Racism in the 2019 By elections

[Courtesy of the Irish Times - from Twitter]

I predicted on this blog, many times between 2004 and 2008 that it was only a matter of time before racism would become a political issue to the point that parties who endorsed it explicitly would start to find figures that would start to gain popular support.  That time is now.

Firstly, like many in FG, I am embarrassed and infuriated by Verona Murphy's comments to the Wexford People - there is no "immigrant problem" in Ireland.  We have a significant problem with services and infrastructure which is the result of demographic change - immigration is only a small part of the change and compensated for in other ways.
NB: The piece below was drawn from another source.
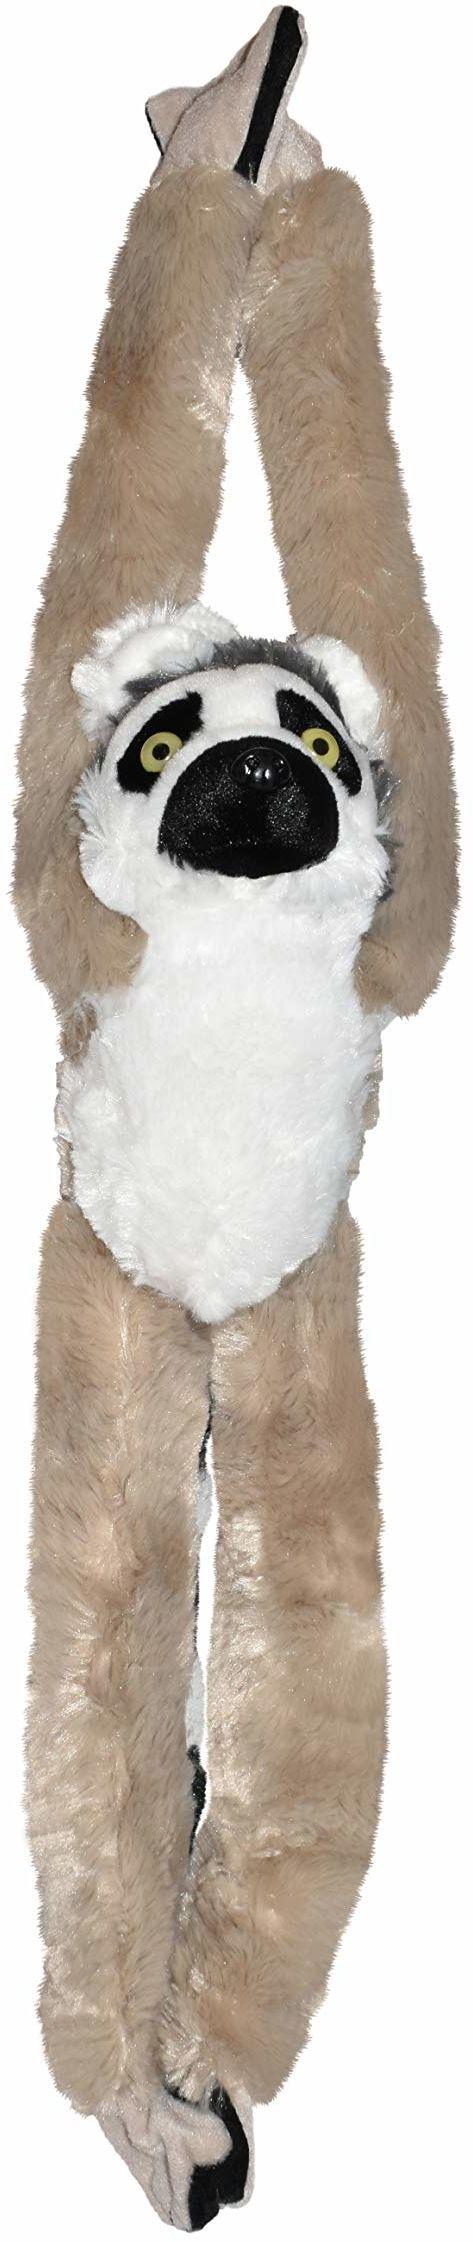 Wild Republic 15261 - Hanging Monkey Katta Lemur pluszowa małpka, 51 cm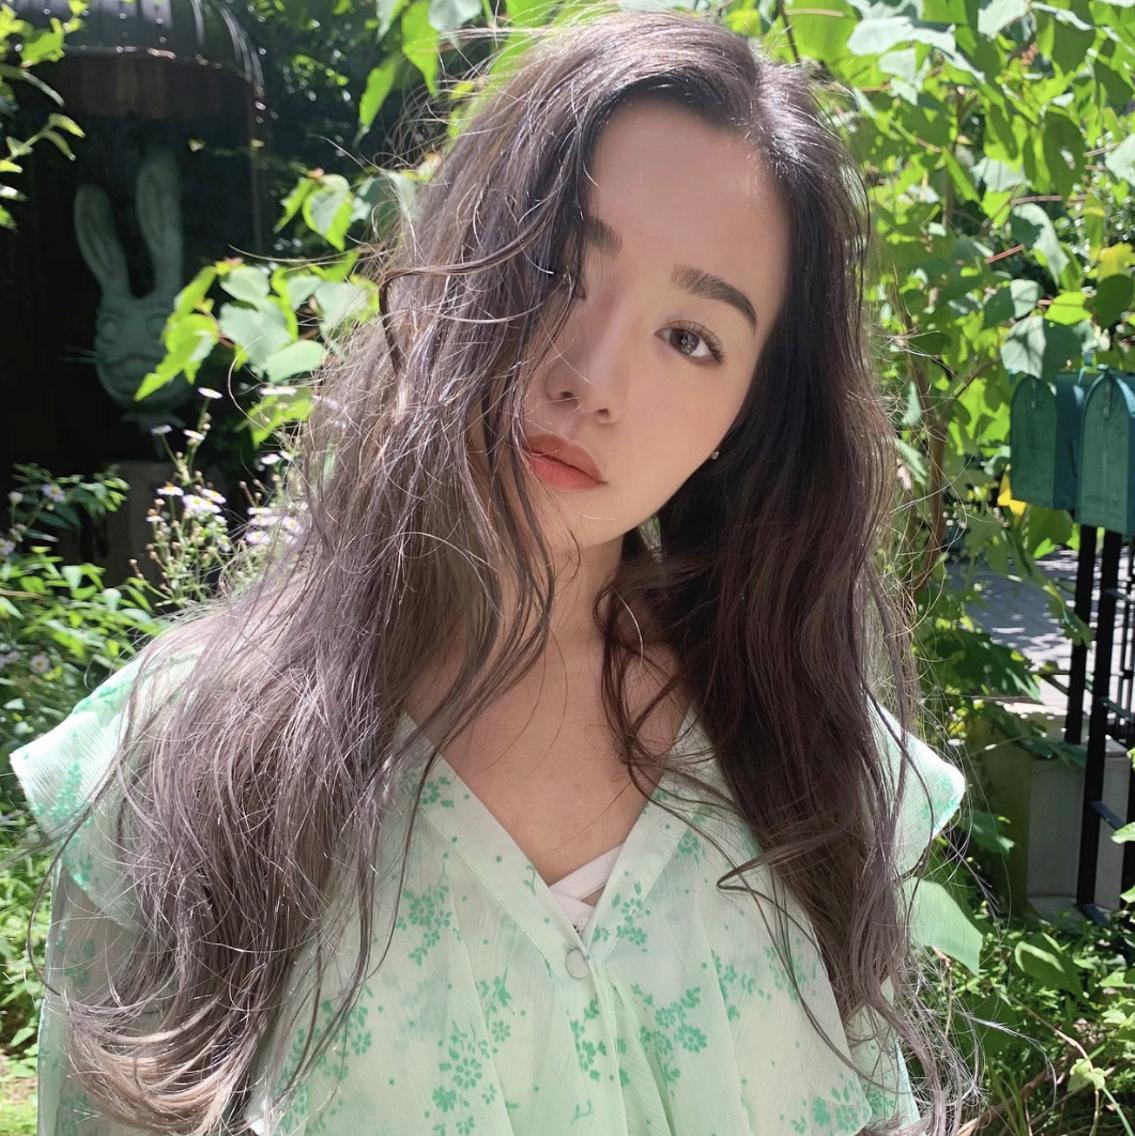 Omotesando beauty salon P A P E R表参道店所属・【トップデザイナー】 A i r iの掲載

Immigrants themselves rarely create issues, tend to arrive with useful skills and the vast majority are far more productive than the average Irish person.  There is literally tons of studies proving this, so I am not going to link.  I would suggest doing a search on Springer or some reputable research publisher if you want proper evidence.

Endorsing Verona Murphy was not a good look for FG - unfortunately it exposed an underlying issue around what happens when you bring in a candidate from outside a party.  Murphy didn't have the maturity or insight to understand migration isn't of itself an issue.  She doesn't belong in Fine Gael and there is a need to improve due diligence, selection criteria, coaching and understanding of party values.  Outside candidates "go rogue" at a far higher rate than those who have been party members for some time.  In addition, bringing in outside members disadvantages local members who are looking for the nomination.  It should be a last resort.

The Clifford Lee problem is a different matter: Lorraine probably had no malicious intent and the tweets were harvested by the mendacious Leo Sherlock.  What this person was thinking in attacking an FF candidate from the only mainstream party that still allows a free vote on his previous pro-life position is beyond me.  In any case, the result is that the Green Party, a party that in the past drove out pro-life members, now have an extra seat in the Dail.  I do think Clifford Lee's tweets were taken out of context, but I think that issue drove over other problems with Clifford Lee's candidacy - that other, stronger and more "local" candidates were passed over in favour of her, and her being from outside the constituency and has a history of constituency shopping were probably bigger factors in her failure to get elected.  That said, an 18% poll isn't itself a poor showing - but it makes it harder to justify putting her on the ticket if FF want to regain the second seat they had from 2002 to 2011.

That said, the tweet that bothered most people was one on getting the bus - lots of people, including myself, use public transport with great frequency and often tweet about other passengers.  However it is bad form to make insulting comments on other passengers who are doing no harm.  There is a problem with antisocial behaviour on certain segments of the LUAS and I've seen a major issue with drug users on the DART on certain days but simply being on a bus shouldn't make you a target for ridicule.  Clifford Lee and others in the public eye would be advised to use one of the many tweet deletion apps that can remove the problem of out of context comments being harvested.

At the same time, there was an inordinate level of interest in the provenance of the tweets. It wasn't a good look for Clifford Lee.  You cannot be representative of those you insult with no good reason.  That said she has apologised and will learn from the experience, as will Verona Murphy.

The elephant in the room, however, is the emergence of former journalist Gemma O Doherty as the poster child for hard right, explicit anti-migration politics. O Doherty managed to get 1000 votes out of slightly over 25000 in one of the two most liberal constituencies in the country.  This should be a wake up call for Ireland.  If O Doherty picks a different consituency in the 2020 election she will start to make real impacts on politics.  The danger isn't just that she gets elected, but that she pulls the mainstream parties towards a more hardline stance.  This isn't just the fault of the center right, as O Doherty has over many years been endorsed by Clare Daly and her various groupings.  All shades of politics need to take a hard look at their roles in creating this phenomenon.

One issue however, I will take up is the argument that social media is "promoting" O Doherty and others and that she should be "banned."  Facebook, Google and other platforms are not public services and are privately owned media exchange systems that depend on advertising revenue.  What they permit is to some extent their business. We need to consider this before demanding their regulation.  The business model of free, paid for by others, is profoundly flawed.  I have said for many years that I am happier to pay for services than see my data harvested for profit.  Until we are willing to actually pay our way on internet platforms we will have this issue.